Kings Contrivance concerts continue

NEIGHBORS

September 19, 2000|By Pamela Woolford | Pamela Woolford,SPECIAL TO THE SUN

EACH SUMMER, Columbia Management sponsors concerts in eight of Columbia's nine village centers - a local tradition.

Every week, in each village center courtyard, an acoustic guitarist, jazz fusion band or blues duo will serenade listeners. Residents bring folding chairs and buy a meal from nearby restaurants. Lunchtime business crowds and shoppers pass by. Mothers with toddlers in tow stop and linger.

Thirteen years ago, the first of the concerts began in Kings Contrivance as a partnership between the village center and Hammond High School to showcase the school's bands. Today, the concert series features professional musicians.

Consistent, open-air and free, the series has become a part of life in Columbia.

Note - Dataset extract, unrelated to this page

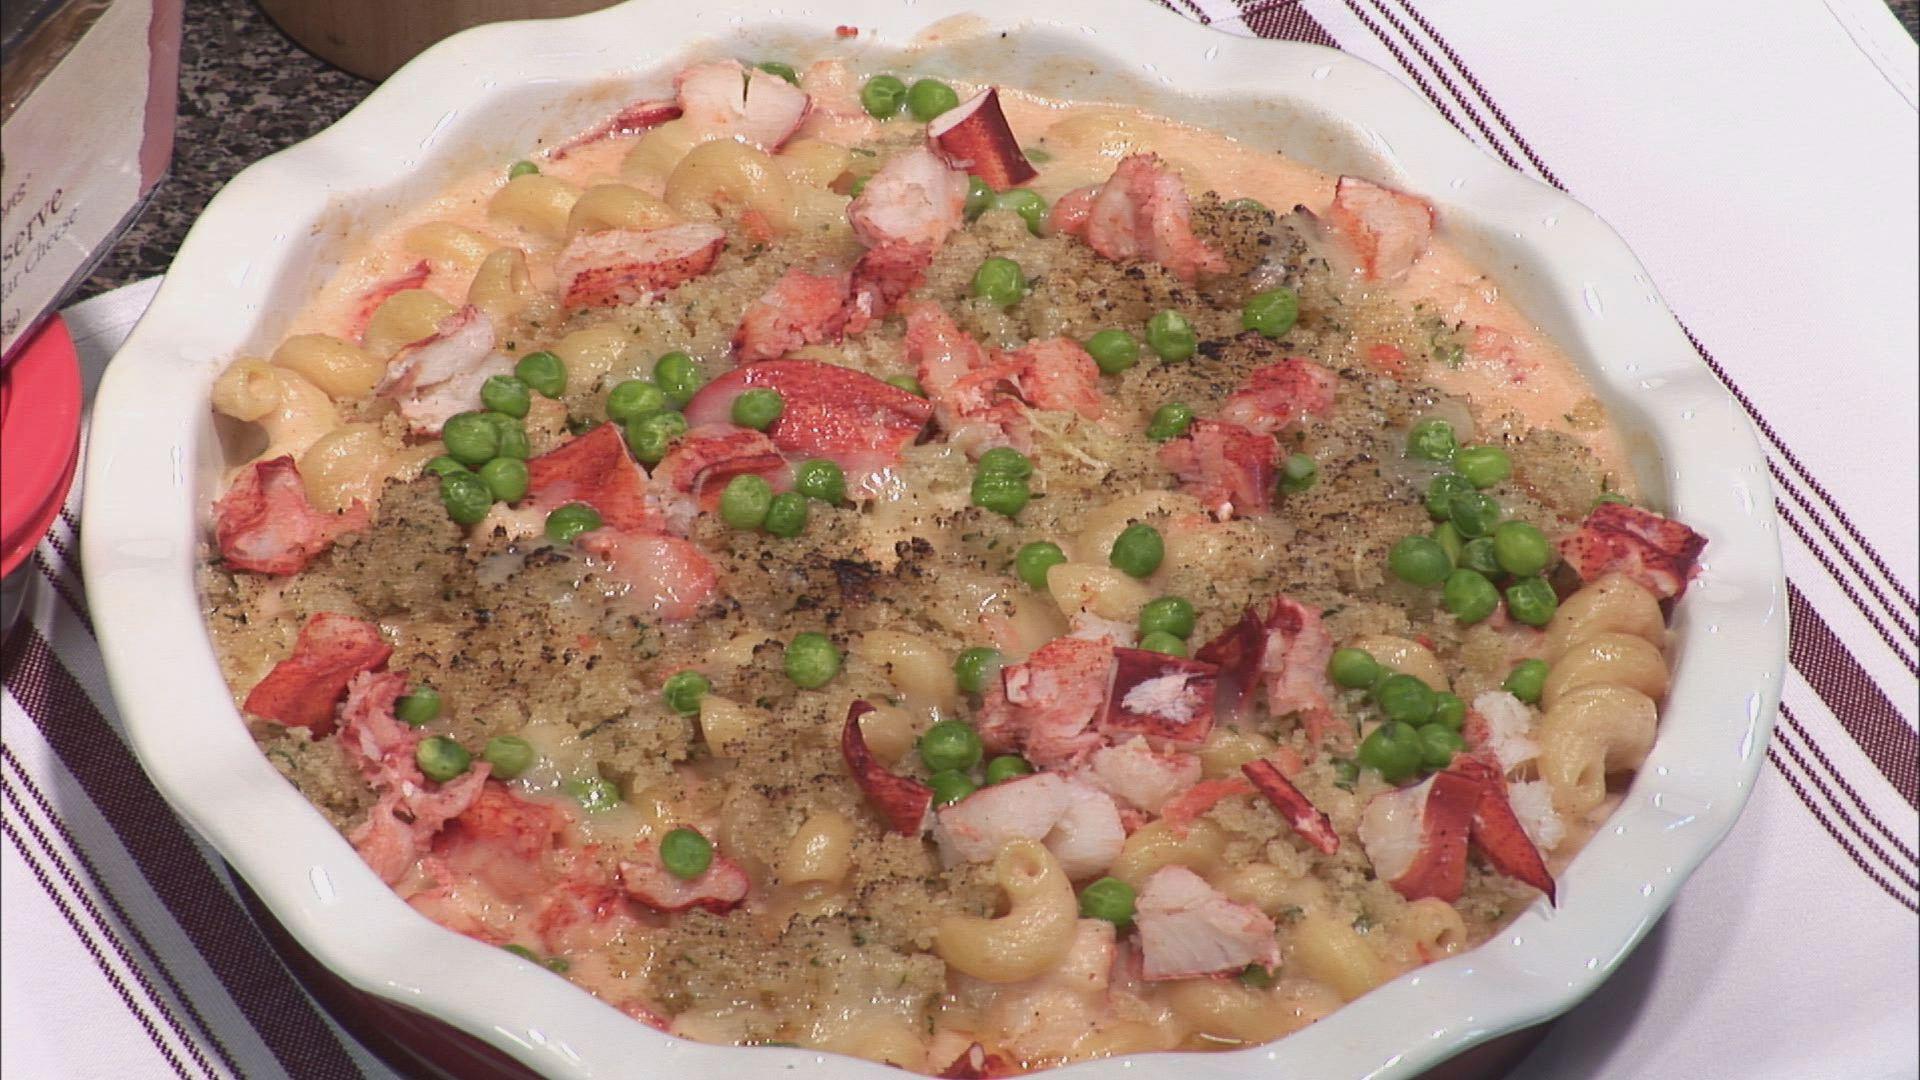 newscentermaine.com | Lobster Mac & Cheese - Chef Vito Marcello

Local musicians are often featured, and the concerts are important to the performers who share their music with their neighbors.

"I am expressing something deep inside when I perform," said Oakland Mills resident Jim Alvey, who will play with his band Blue Steele in the Kings Contrivance courtyard next month.

While other villages have ended or are winding down this season's series, the concert series at Kings Contrivance is going strong. The village has the longest season for the concerts, with scheduled performances from mid-May to mid-October.

Still to come this season are the Bill Mott Band, performing Americana and classic rock Friday; the Dangertones, a classic rock and blues band, Sept. 29; Don Chapman and Johnny Abrahams, who play acoustic pop, Oct. 6; Blue Steele, a blues group, Oct. 13; and folk performer Bill Parsons, Oct. 20.

Concerts run from 11:30 a.m. to 1:30 p.m.

Information: Kathleen VanNostrand of Columbia Management, 410-992-3600.

Musicians and neighbors

Three of the concerts in the Kings Contrivance Courtyard Concert Series will feature east Columbia residents: Alvey, of Blue Steele, and Kings Contrivance residents Mott, of the Bill Mott Band, and Chapman.

Alvey, Mott and Chapman, part-time musicians in their 40s, have musical careers with a common thread: a relationship between their life struggles and their music.

A survivor of three heart attacks and triple bypass surgery, Mott produced his first compact disc while recuperating from a heart transplant.

Chapman, a recovering alcoholic, stopped performing 16 years ago when he gave up drinking and did not return to his craft until three or four years later when he "got comfortable to go into bars."

Alvey started playing the blues with Blue Steele slightly more than a decade ago because the genre embodies hardship.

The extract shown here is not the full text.